In the molecular biology laboratory, the study was carried out first by extracting the messenger RNA (the kit used is the Gene Finder mixed kit), then an addition of the extraction plates with a mixed plate was carried out before putting the plate in a thermocycler. The results are obtained in the form of curves containing the envelope E genes, the N gene, and the RNA polymerase (RdRp) gene with a positivity threshold of 40.
DISCUSSION
Neurological involvement is possible for the SARS-CoV-1 virus, which has been shown to be neuroinvasive in several studies. Therefore, SARS-CoV-2 can also induce neurological signs.
Angiotensin-converting enzyme-2 (ACE2) receptors are suspected of being responsible for the transport of the SARS-CoV-2 virus. They are present in the respiratory and vascular epithelium, which may explain the observed manifestations, but they are also present at the neuronal level and in the cerebral vascular endothelium which the virus can use to enter the CNS4.
This neurological damage caused by SARS-CoV-2 may be due to hypoxia, direct viral invasion of the CNS (either by hematogenous dissemination or by retrograde neuronal dissemination from the olfactory mucosa), or to a generalized inflammatory reaction (cytokine storm) following viral infection such as elevation of ferritinemia, CRP and interleukin-6 leading to a ‘state of hyper-inflammation’ which may be due to a possible deregulation of the monocyte macrophage system3,5,6.

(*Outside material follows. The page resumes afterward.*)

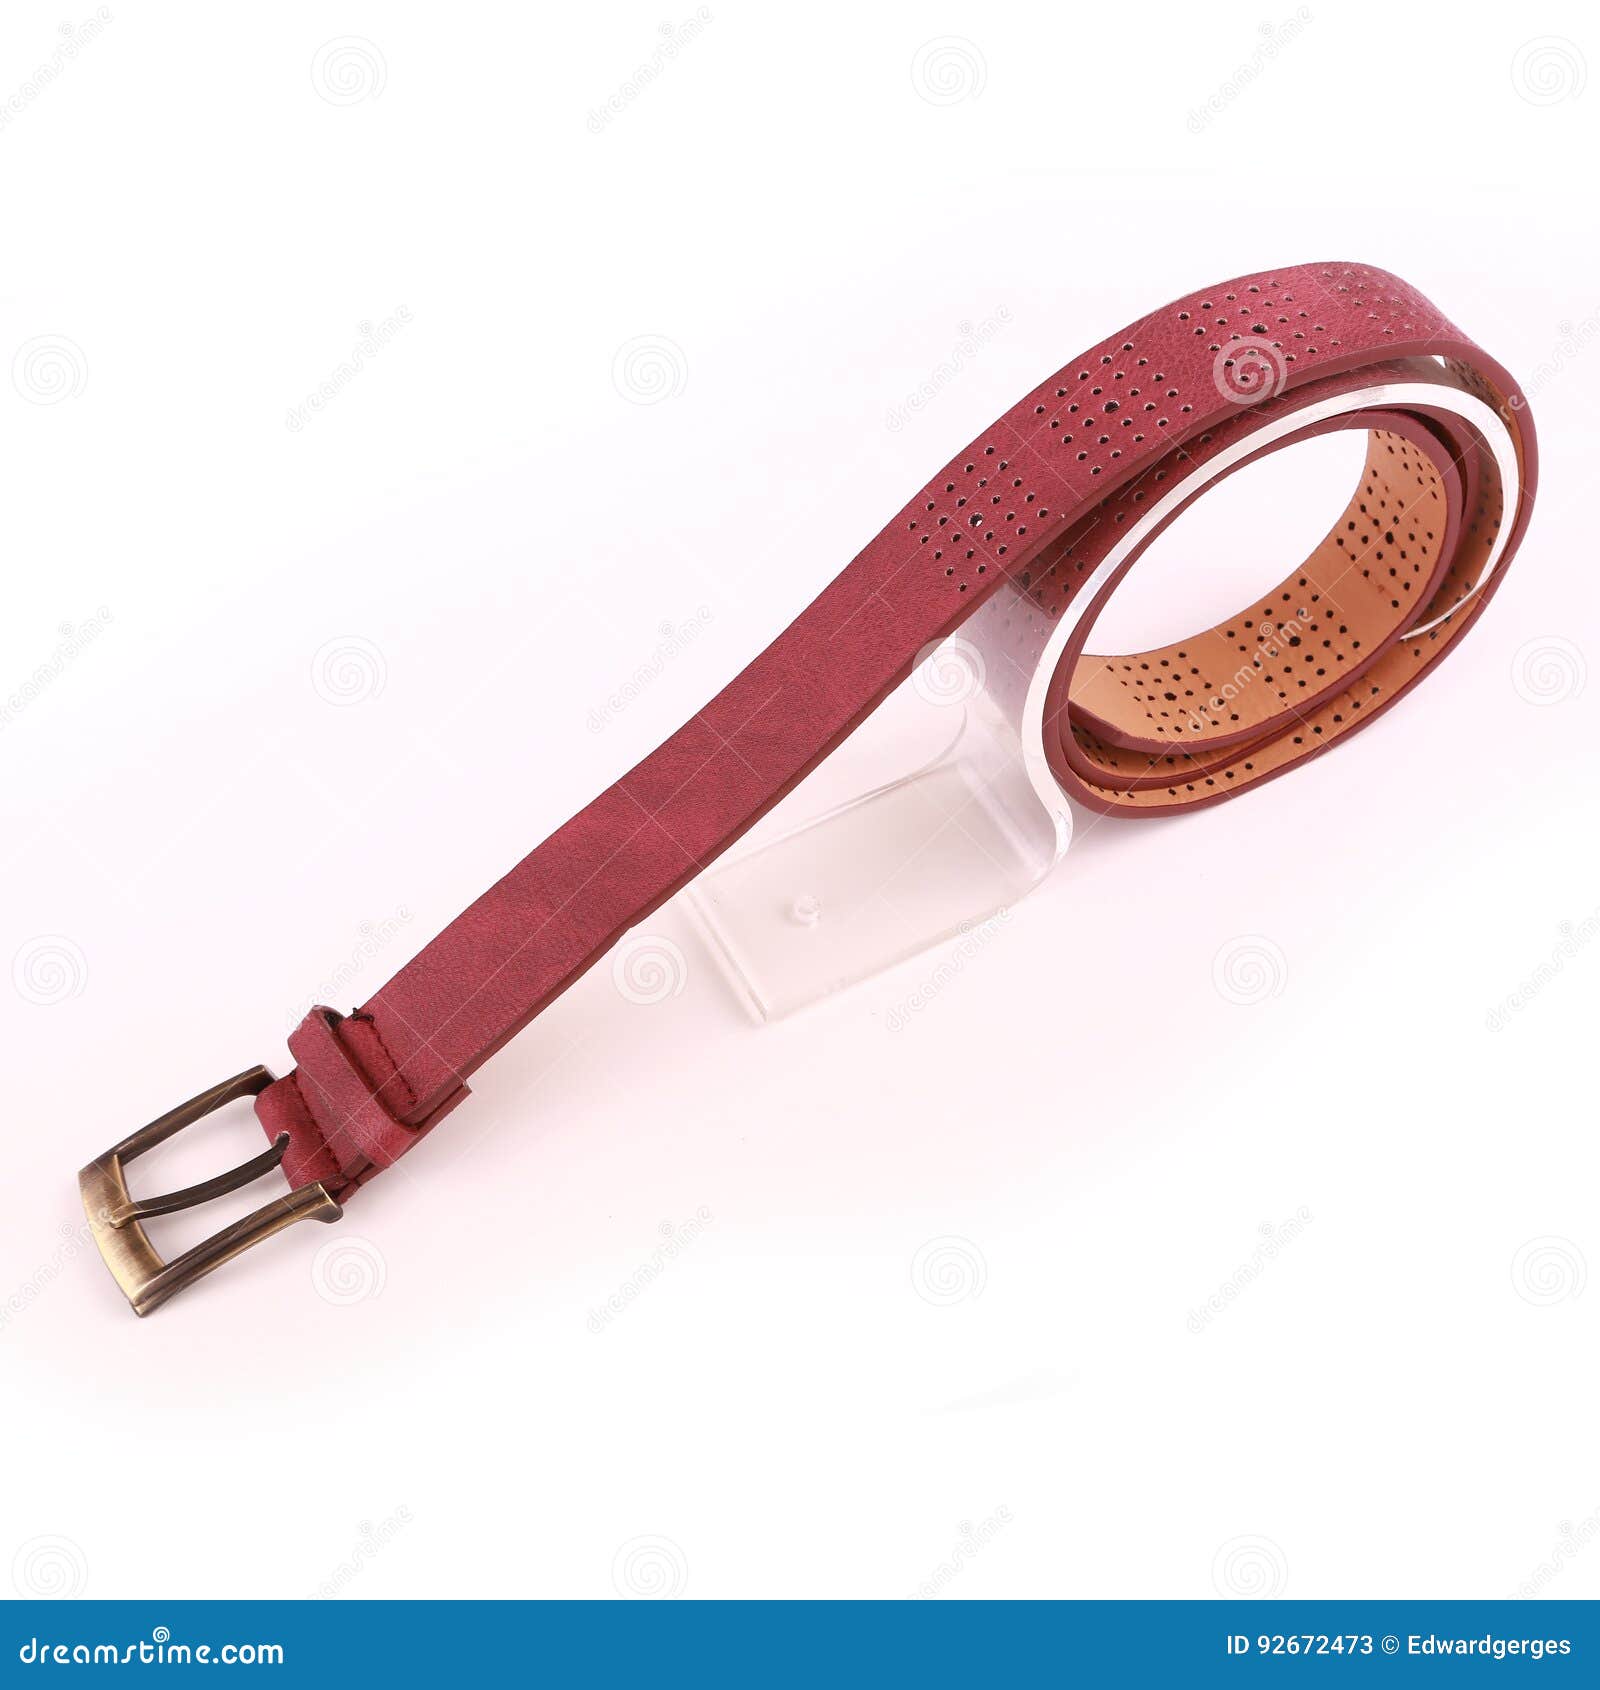 Leather belt stock image. Image of gray, entertainment - 92672473

Respiratory worsening in some patients may be due to involvement of the cardio-respiratory centers in the CNS5.
A first case of acute cerebellitis was reported in a 47-year-old man with a cerebellar syndrome and a PCR for SARS-CoV-2 positive at the nasopharynx and CSF (the particularity of this case is the positivity of SARS-CoV-2 in the CSF) which suggests that the direct involvement and the presence of the virus in the CNS is the most likely pathological mechanism7.
Another study of four cases, treated for various neurological signs that appeared during hospitalization for SARS-CoV-2 infection, showed the absence of SARS-CoV-2 in CSF after a negative SARS-CoV-2 PCR in all of these patients, suggesting that the generalized inflammatory reaction is the most likely pathological mechanism8.
In our patient, a cerebellar syndrome with a positive SARS-CoV-2 PCR at the nasopharynx and negative in the CSF with an increase in CRP and ferritinemia, and given the absence of any history of similar symptoms or medications or metabolic diseases and the exclusion of vascular causes by the brain CT, all of this suggests that the mechanism that may explain this neurological impairment is the inflammatory reaction.
The actual presence of the virus in the CNS cannot be ruled out when the CSF test for SARS-CoV-2 is negative. It is therefore possible to question the sensitivity of the SARS-CoV-2 PCR in the CSF which is not well known until now to our knowledge, hence the interest of integrating the other diagnostic elements to establish the diagnosis of neurological and meningeal involvement.
Several more studies are needed on the neurological involvement associated with SARS-CoV-2 to better understand the mechanism involved and to study the sensitivity of SARS-CoV-2 PCR in CSF.